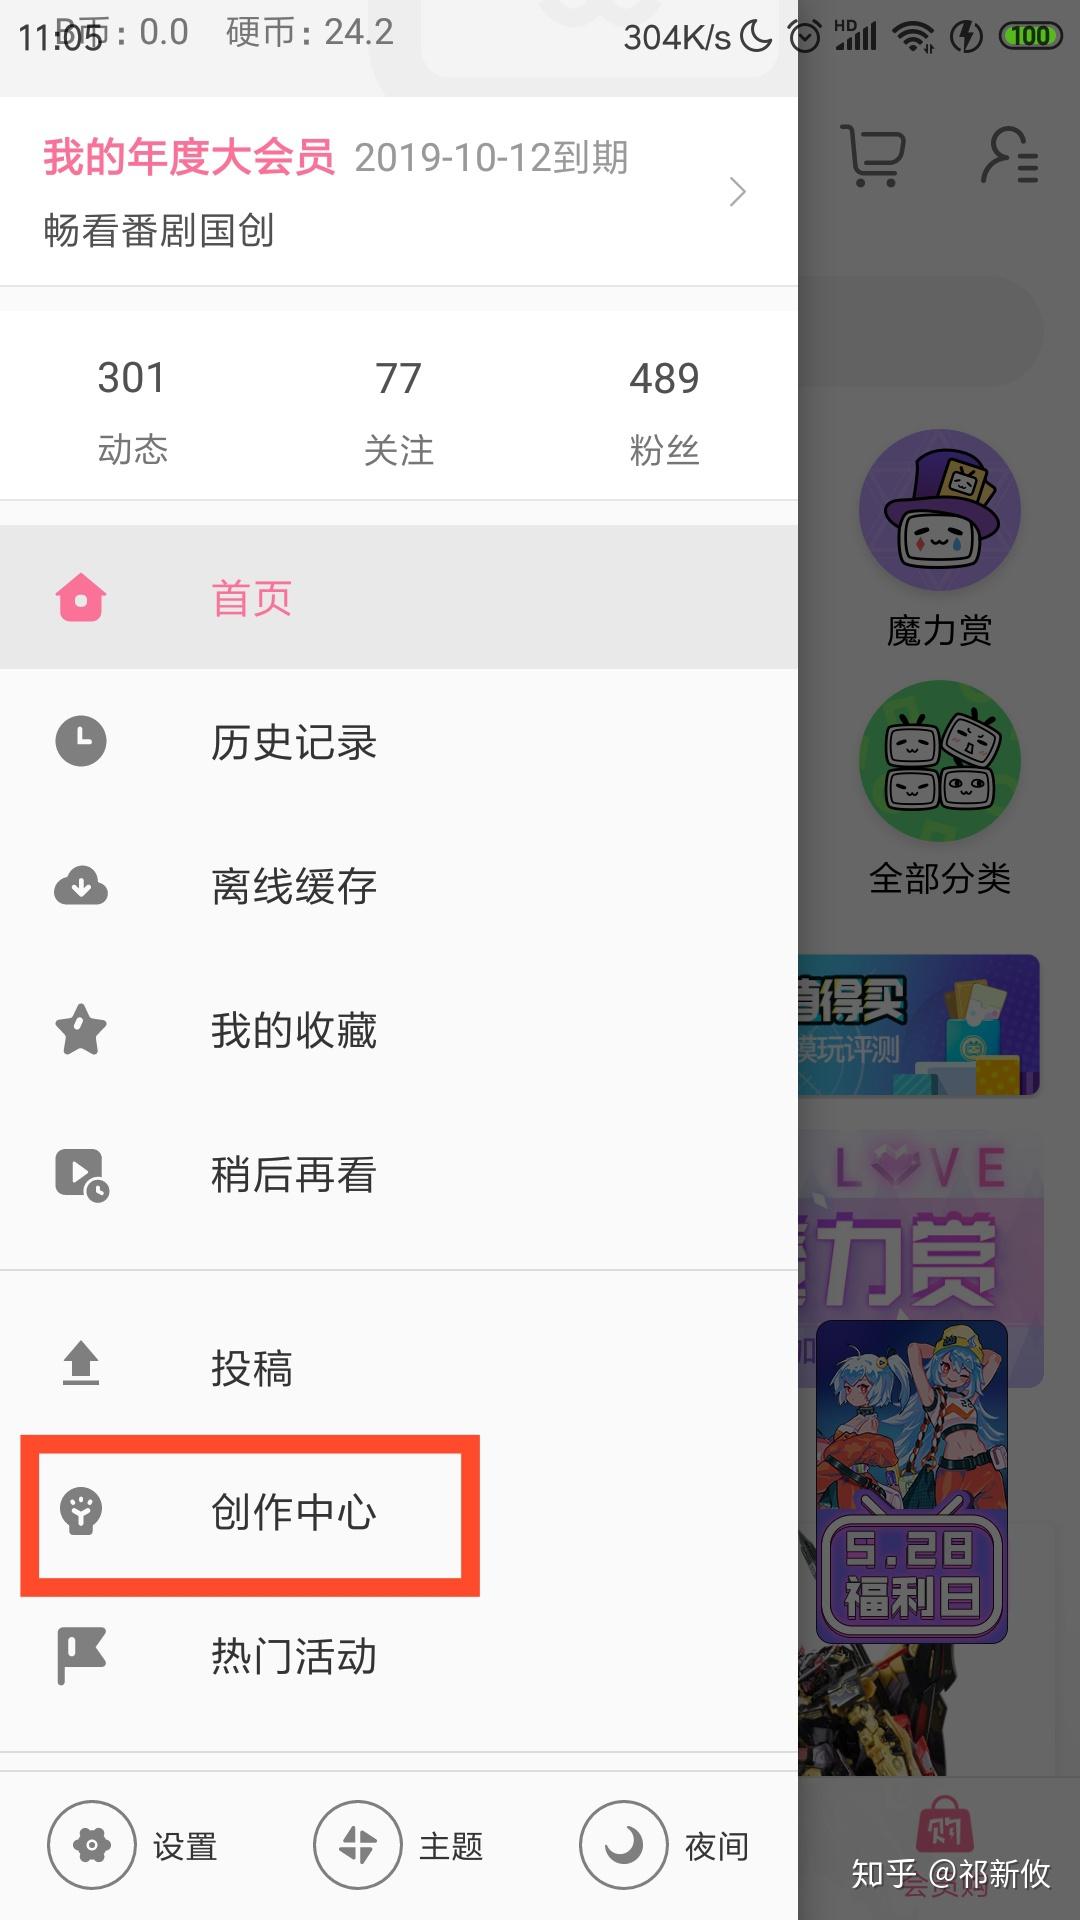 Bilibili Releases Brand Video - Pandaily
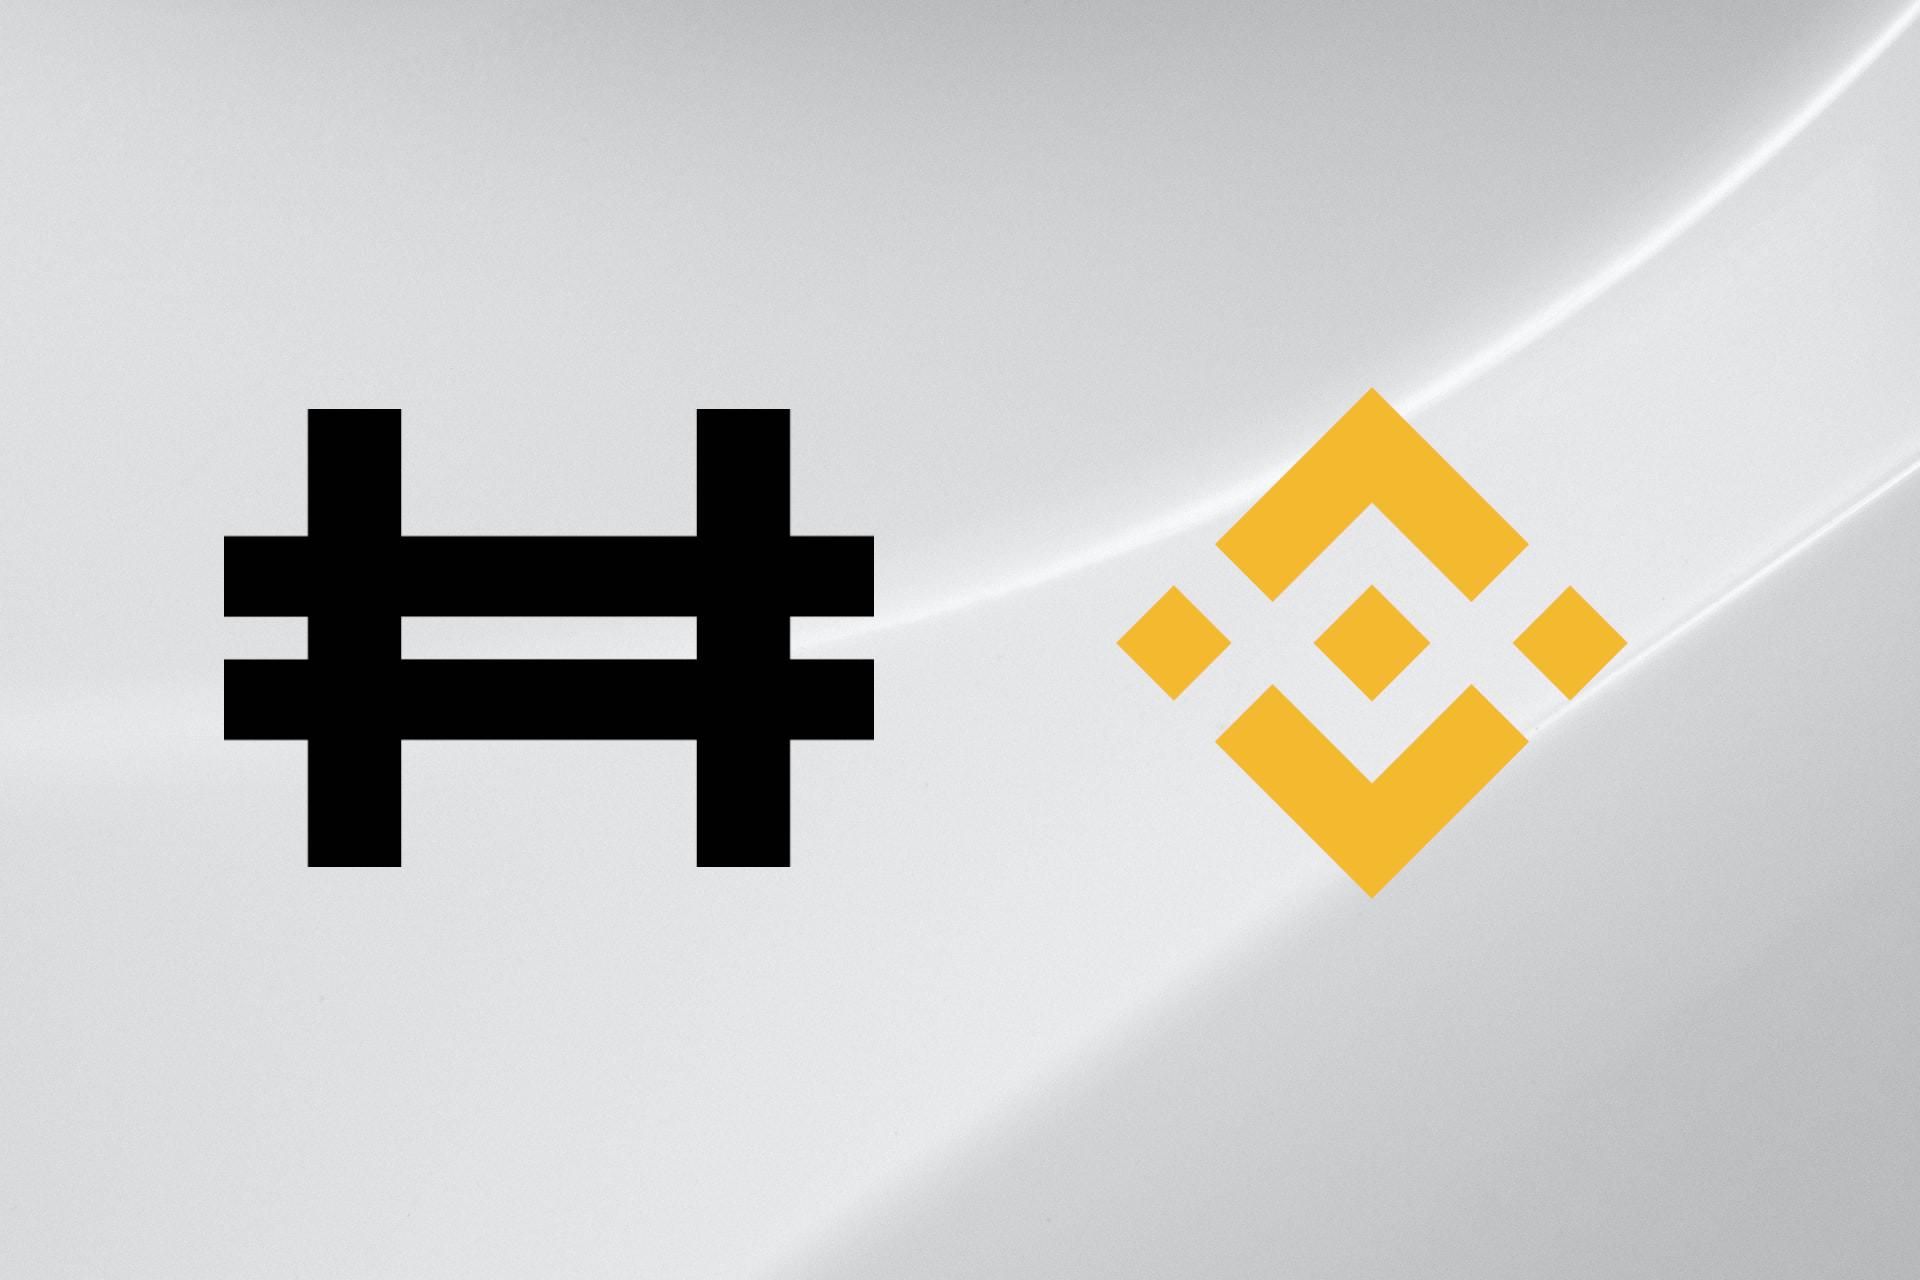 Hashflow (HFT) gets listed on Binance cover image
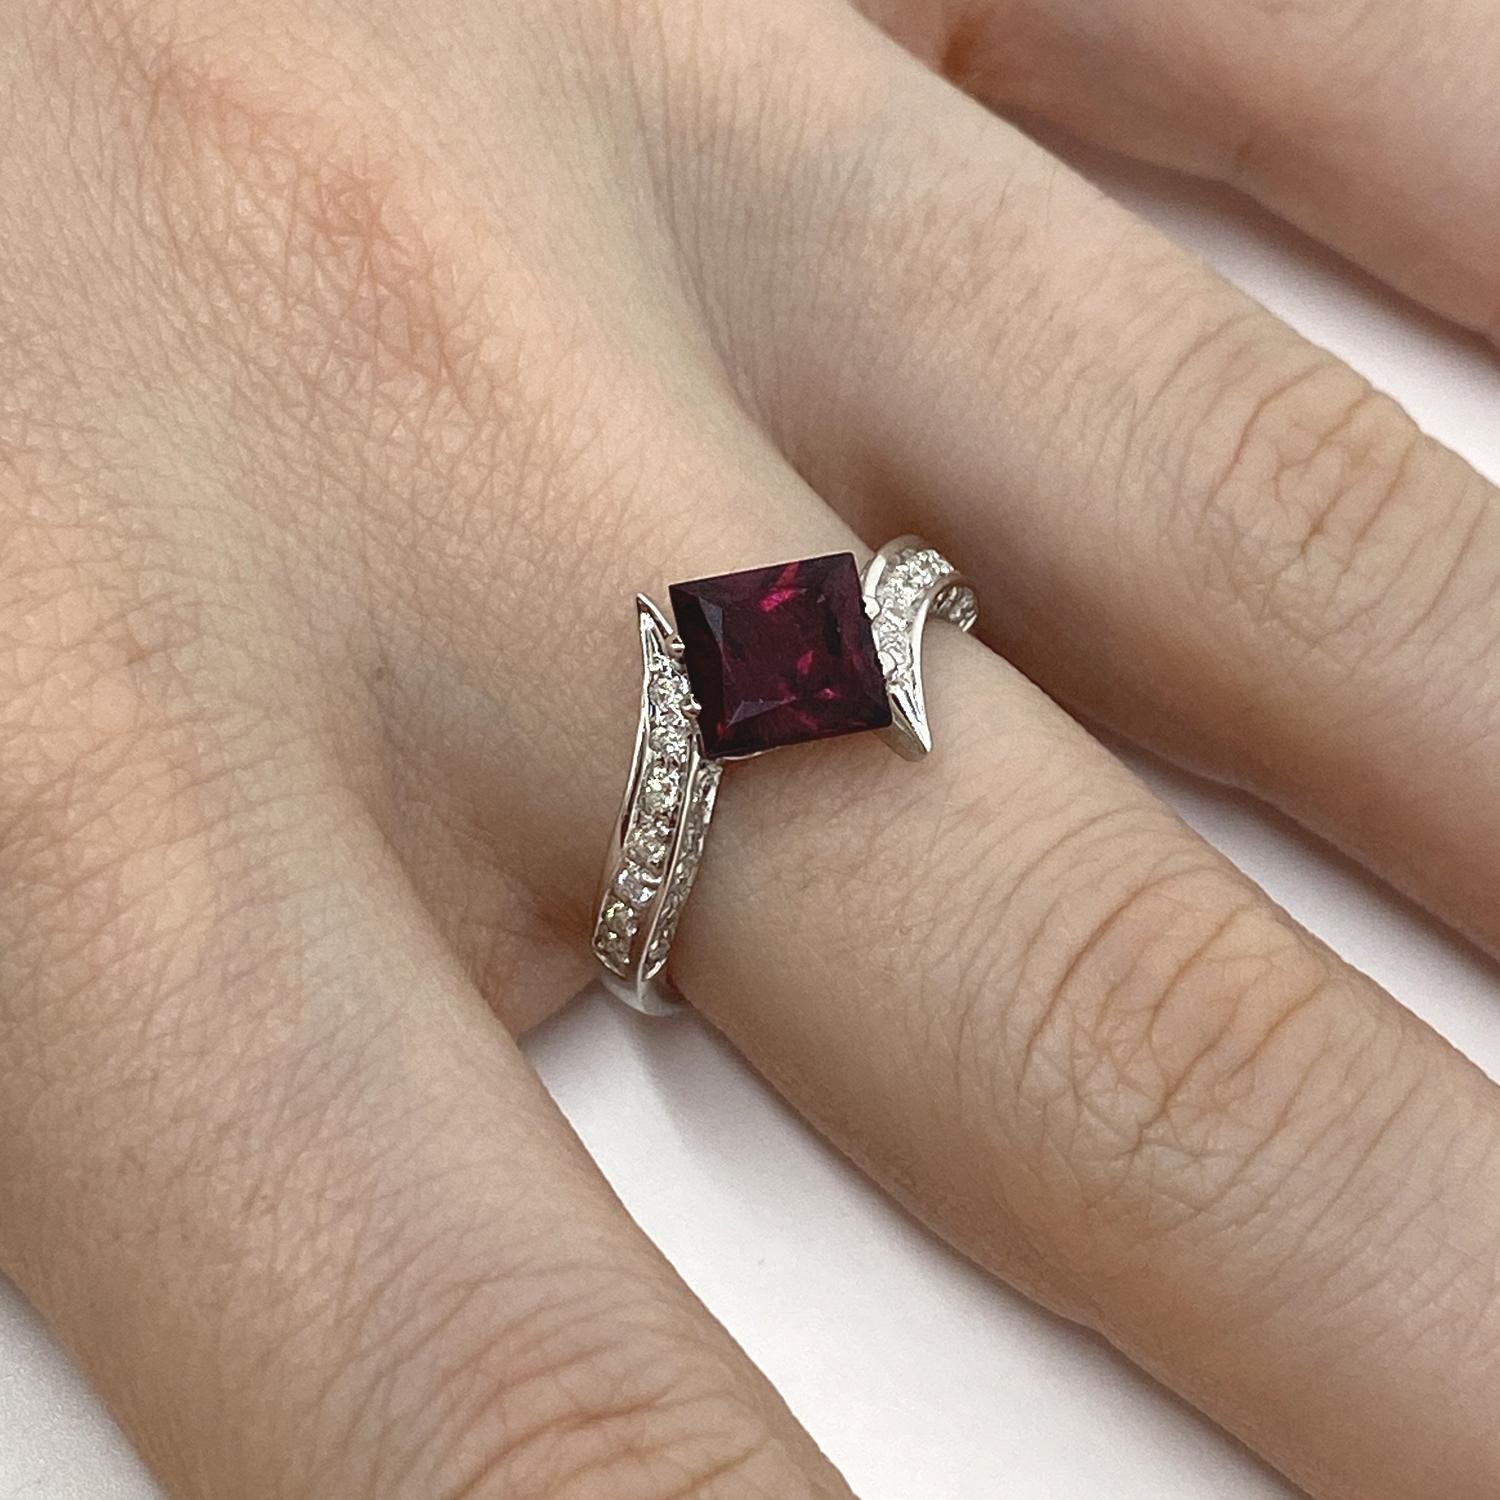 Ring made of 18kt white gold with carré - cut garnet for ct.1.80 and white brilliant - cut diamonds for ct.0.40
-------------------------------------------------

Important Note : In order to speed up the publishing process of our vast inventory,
▬▬▬▬▬▬
● Problem
Your answer must be an exact copy of the records above, with every picture left out.

● Solved exercise
 Bilibili Releases Brand Video - Pandaily
 Hashflow (HFT) gets listed on Binance cover image
 Ring made of 18kt white gold with carré - cut garnet for ct.1.80 and white brilliant - cut diamonds for ct.0.40
-------------------------------------------------

Important Note : In order to speed up the publishing process of our vast inventory,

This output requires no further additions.